Kepala Badan Pusat Statistik (BPS) Jawa Barat, Darwis Sitorus, menyatakan bahwa kenaikan tarif air minum pasti akan berdampak pada inflasi konsumsi rumah tangga. Dampak ini, menurutnya, perlu dipertimbangkan dengan cermat oleh pemerintah. "Yang pasti akan inflasi dari sisi konsumsi rumah tangga. Nah ini yang harus diperhitungkan. Tapi saya kira pastinya kebijakan itu sudah dipertimbangkan dengan sangat baik," ujar Darwis dalam keterangannya di Bandung, Senin.
Dampak inflasi akibat kenaikan tarif air ini diproyeksikan akan berlangsung selama satu tahun penuh, mulai Februari 2025 hingga Februari 2026. Hal ini tentu menjadi perhatian serius bagi pemerintah daerah. "Kalau sudah diputuskan berarti mulai dari Februari 2025 sampai Februari tahun 2026, inflasi di tarif air ini akan terus. Ya mudah-mudahan sudah dipertimbangkan," tambahnya.

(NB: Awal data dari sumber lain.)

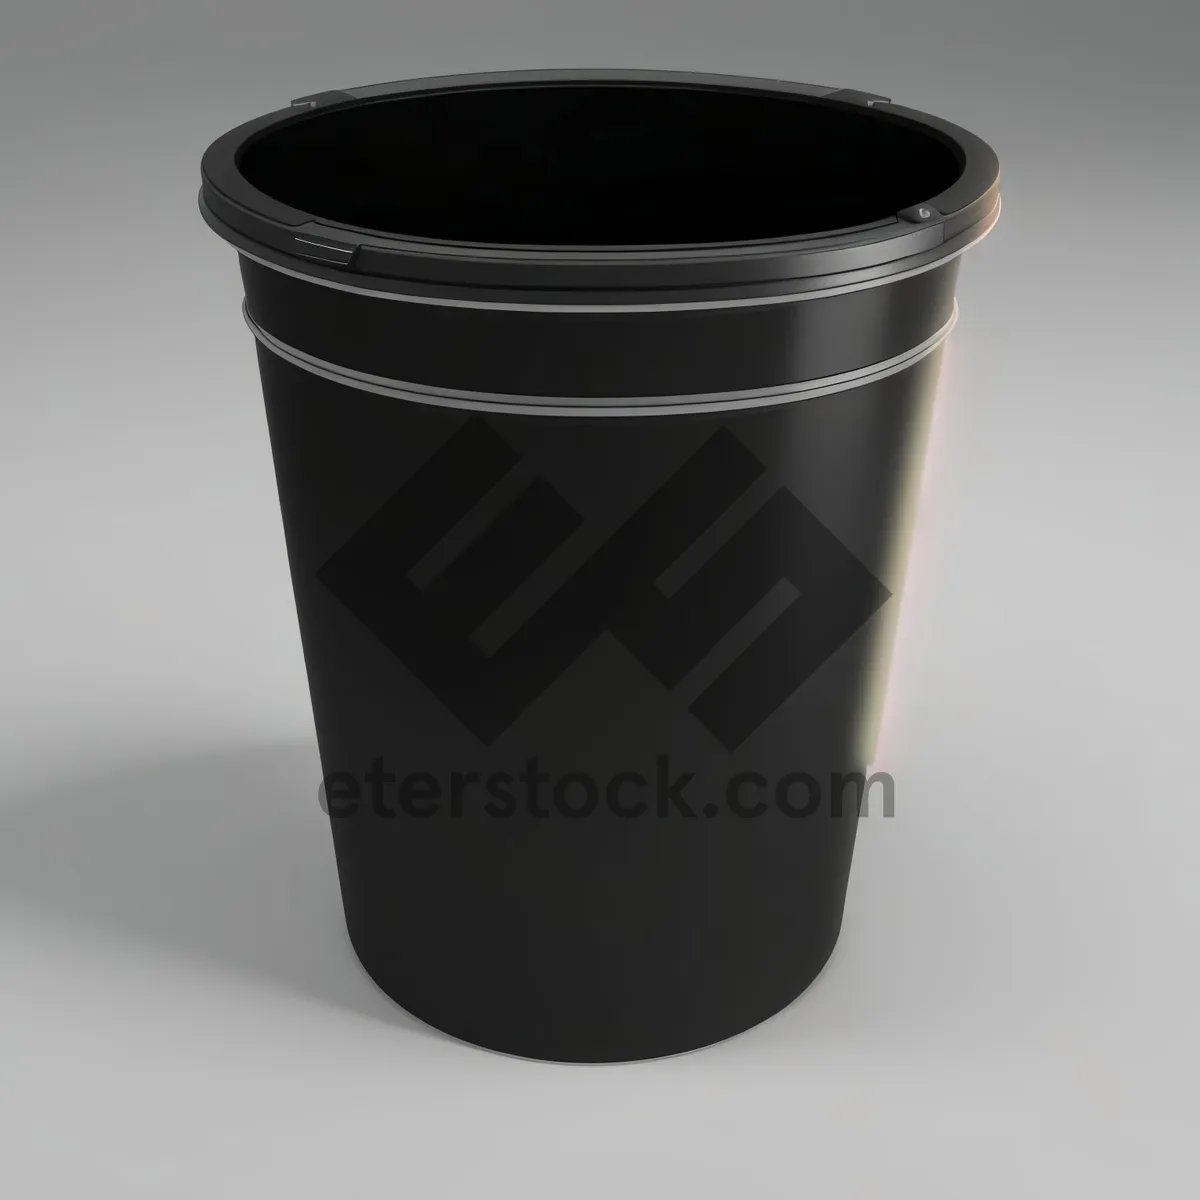 Picture of Tea-filled Ceramic Mug on Table.

Tanggapan Pemerintah Provinsi Jawa Barat
Pemerintah Provinsi Jawa Barat (Jabar) melalui Sekretaris Daerah (Sekda) Herman Suryatman menyatakan penghormatan terhadap keputusan kenaikan tarif tersebut. Namun, pemerintah provinsi juga akan melakukan diskusi lebih lanjut dengan Pemerintah Kota (Pemkot) Bandung untuk membahas dampak ekonomi yang lebih luas. "Karena bagaimanapun juga kan tidak berdiri sendiri ya, kita juga harus memperhatikan ekonomi Jawa Barat lebih jauhnya ekonomi nasional," jelas Herman.
Pemerintah Jabar berencana untuk memonitor dampak kenaikan tarif ini secara berkala, harian, mingguan, hingga bulanan. Jika inflasi tetap terkendali, menurut Herman, tidak akan ada masalah. Namun, jika ditemukan hal-hal yang perlu dikoreksi, pemerintah akan memberikan feedback kepada Pemkot Bandung. Evaluasi ini melibatkan seluruh pemangku kebijakan, tidak hanya di Kota Bandung, tetapi juga di 27 kabupaten/kota di Jawa Barat.
Pentingnya Peningkatan Layanan
Herman menekankan pentingnya peningkatan layanan air bersih seiring dengan kenaikan tarif. "Evaluasi itu, kata Herman, karena dirinya juga berharap jika nanti terjadi peningkatan tarif, harus ada peningkatan layanan juga yang progresif, bahkan ketika layanannya jauh lebih meningkat daripada tarif akan lebih baik. Karena peningkatan tarif jangan hanya dipandang dari satu aspek tapi harus menyeluruh termasuk tadi kepastian peningkatan layanan sekarang kami mau bertemu dengan wali kota dan kita akan diskusikan," tuturnya.
Ia berharap agar masyarakat mendapatkan manfaat yang sepadan dengan kenaikan tarif yang dibebankan. "Harus ada kepastian kalau rakyat menerima beban karena ada tambahan tarif tapi dalam waktu yang bersamaan masyarakat mendapatkan kemanfaatan dengan kecepatan dan kualitas pelayanan yang jauh lebih baik," tegas Herman.
Perlu diingat bahwa Jawa Barat mengalami deflasi 0,68 persen secara bulanan (month to month/mtm) pada Januari 2025. Oleh karena itu, stabilitas inflasi perlu dijaga agar tidak merugikan konsumen maupun produsen. Pemerintah memiliki tanggung jawab untuk menjaga keseimbangan ini.
Kesimpulannya, kenaikan tarif air di Kota Bandung berpotensi memicu inflasi, tetapi pemerintah daerah berkomitmen untuk memantau dampaknya dan memastikan peningkatan layanan air bersih bagi masyarakat.